Fig-3: Workshop recommendations based on interest and difficulty
Reveille the Chatbot: We created Reveille to make the website more lively and give users an interactive experience. We implemented a chatbot that answers user queries regarding workshop suggestions, hackathon sponsors, prizes, competitions etc. For implementing the chatbot we used the workshops dataset to get the relevant information about each workshop and then the tamu datathon website to get information regarding the hackathon. The chatbot needs keywords and phrases to respond as it is rule-based, we referred and scraped websites to get relevant keywords for industries, technologies etc. For implementing the chatbot we used TensorFlow deep learning framework to create and train the neural network, NLTK library to text preprocessing(stemming, lemmatization, removing stop words, removing punctuation), and a custom bag of words function in python. We then used the bag of words approach to convert text to features and trained a feed forward neural network (FNN) that determines the class of question. Based on the output of the neural network the chatbot program determines the subset of answers from which it returns a relevant answer as output. For testing the chatbot experience we used the queries dataset to determine if the workshop details for the questions present were answered perfectly without any error. We then also tested and trained it with several queries to make it robust and relevant. Reveille makes the user experience whole and complete, it answers questions from the date and time of the workshops to suggesting challenges, talks and workshops to work on one's skills. It is a one stop shop for anyone who is participating in the datathon.

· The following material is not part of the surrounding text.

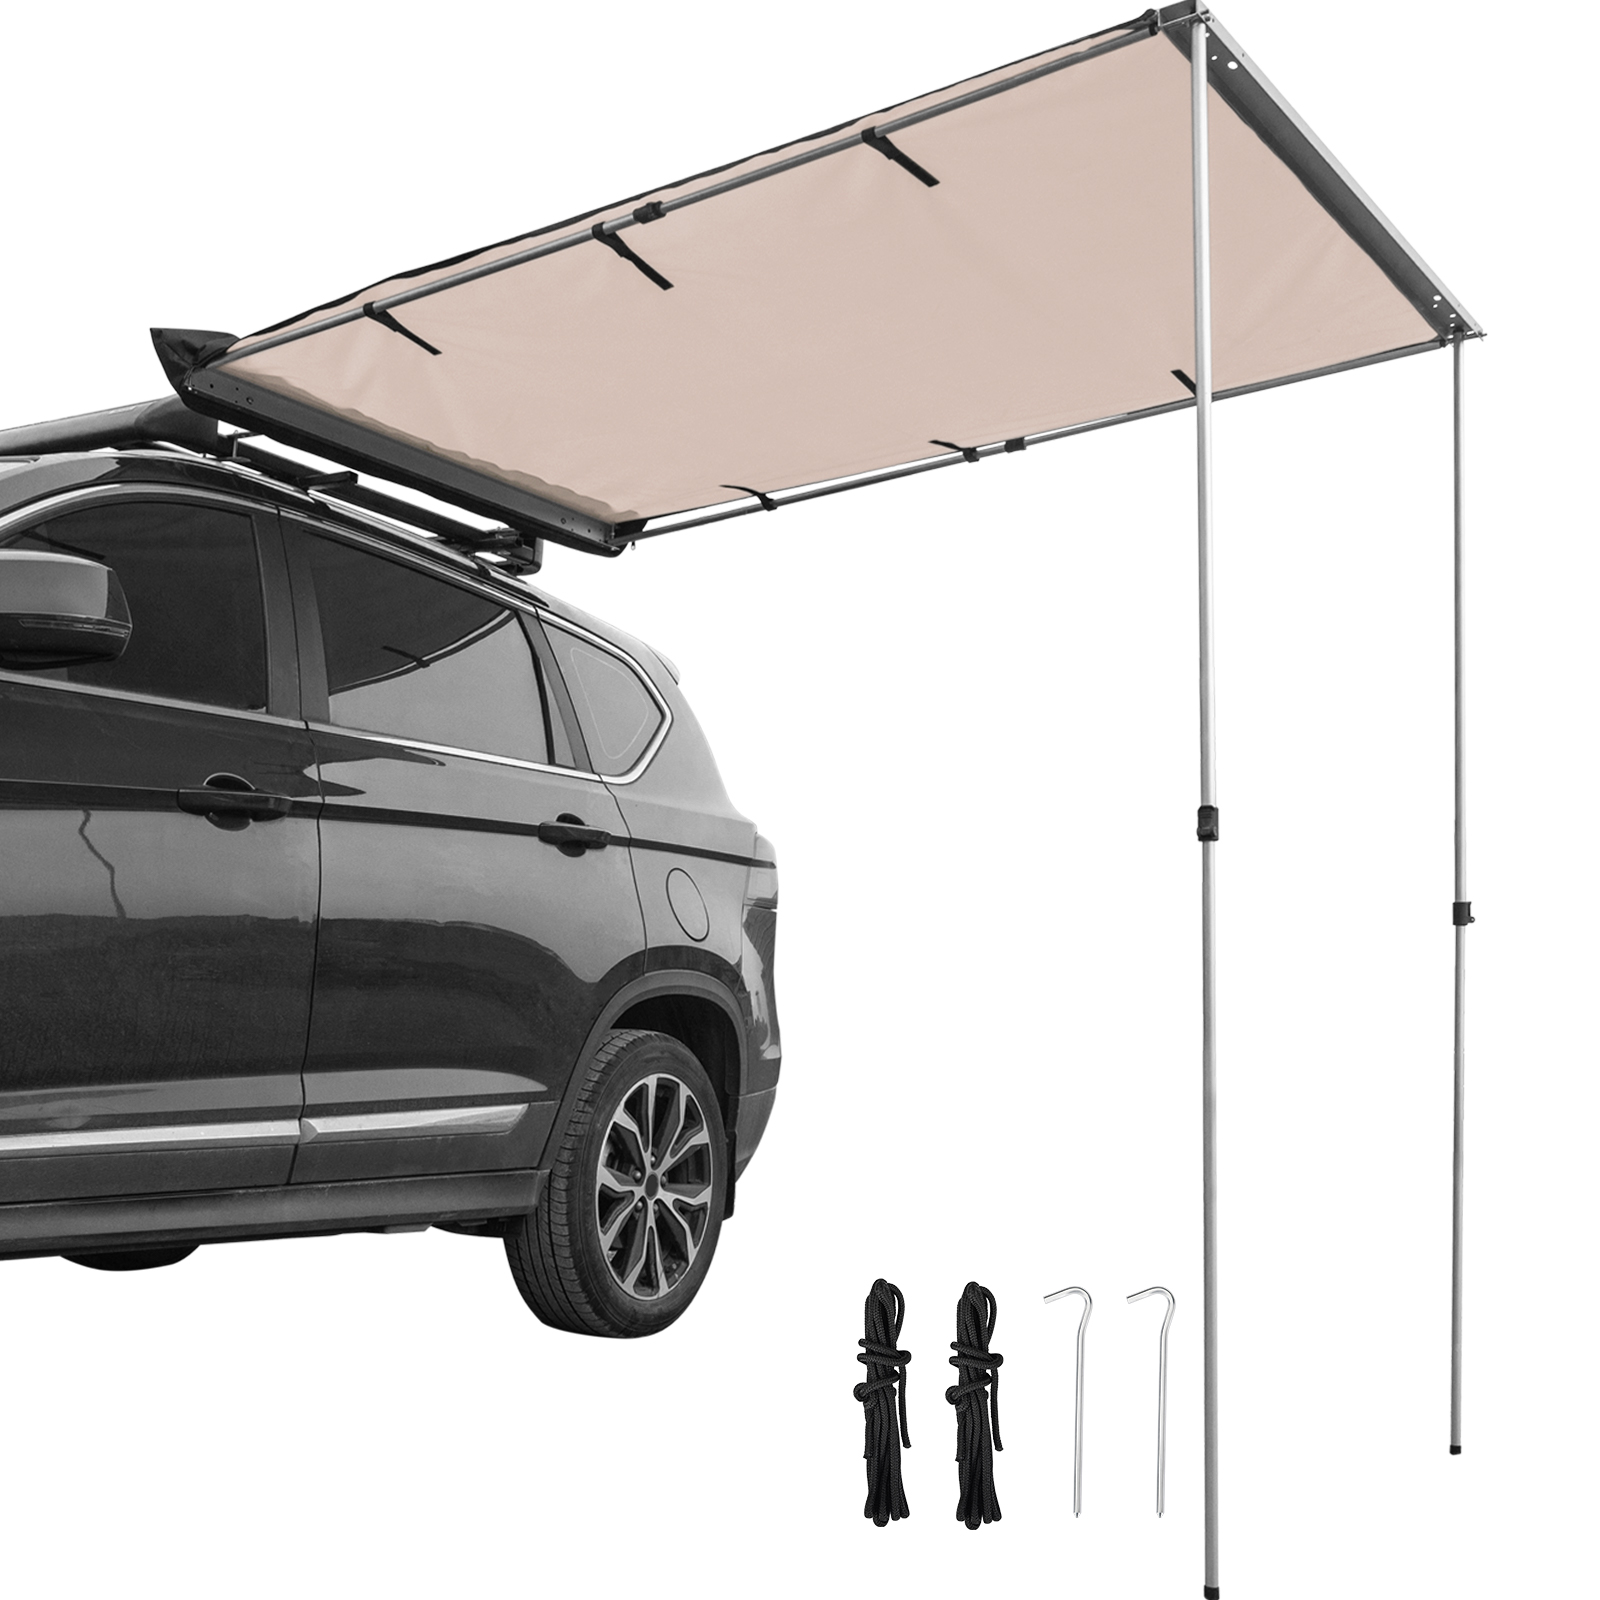 VEVOR Car Awning Car Tent Retractable Waterproof SUV Rooftop Sand 7.6'x8.2' от Vevor Many GEOs

Fig-4: Reveille lets users learn about workshops of their interest and also makes meaningful conversations
Fig-5: Conversations with reveille.
Real Time Graph Visualizations: We have also added several real time graph analysis tools, where one can filter on what criteria the data should be visualized. We included categories such as students ratio from different colleges, classification, expertise and industry from which they are from. This analysis tool helps individuals to have a better understanding of their peer group and can be well prepared about their competition. We have used a machine learning model to categorize individuals into beginner, intermediate and advanced based on their inputs, every time new records are added to the database, real time visualization takes place. There is no time latency or there is no requirement of additional computations to create visualizations.
Fig-6: Visualization based on college.
- Our team did not consist of a well versed UI/UX developer and hence we spent a lot of time figuring out streamlit tool for hosting or webpage. We successfully hosted our project and its up and running finally.
- It took us a lot of time to extract data from external data sources from kaggle and scraped few webpages as we had to train the neural network for our chatbot(Reveille).
- It took us some time to figure out how to cluster the users as there were a lot of categorical values to be considered, but through some hurdles we could efficiently develop the clustering algorithm.
- We were all persistent and were willing to get to the final product. That made us successfully achieve all our goals that we initially thought yesterday morning.
- We learnt UI development, better hyperparameter tuning of neural network.
- We tried several models for clustering that helped us build efficient models.
- We used interactive data visualization tools for the first time.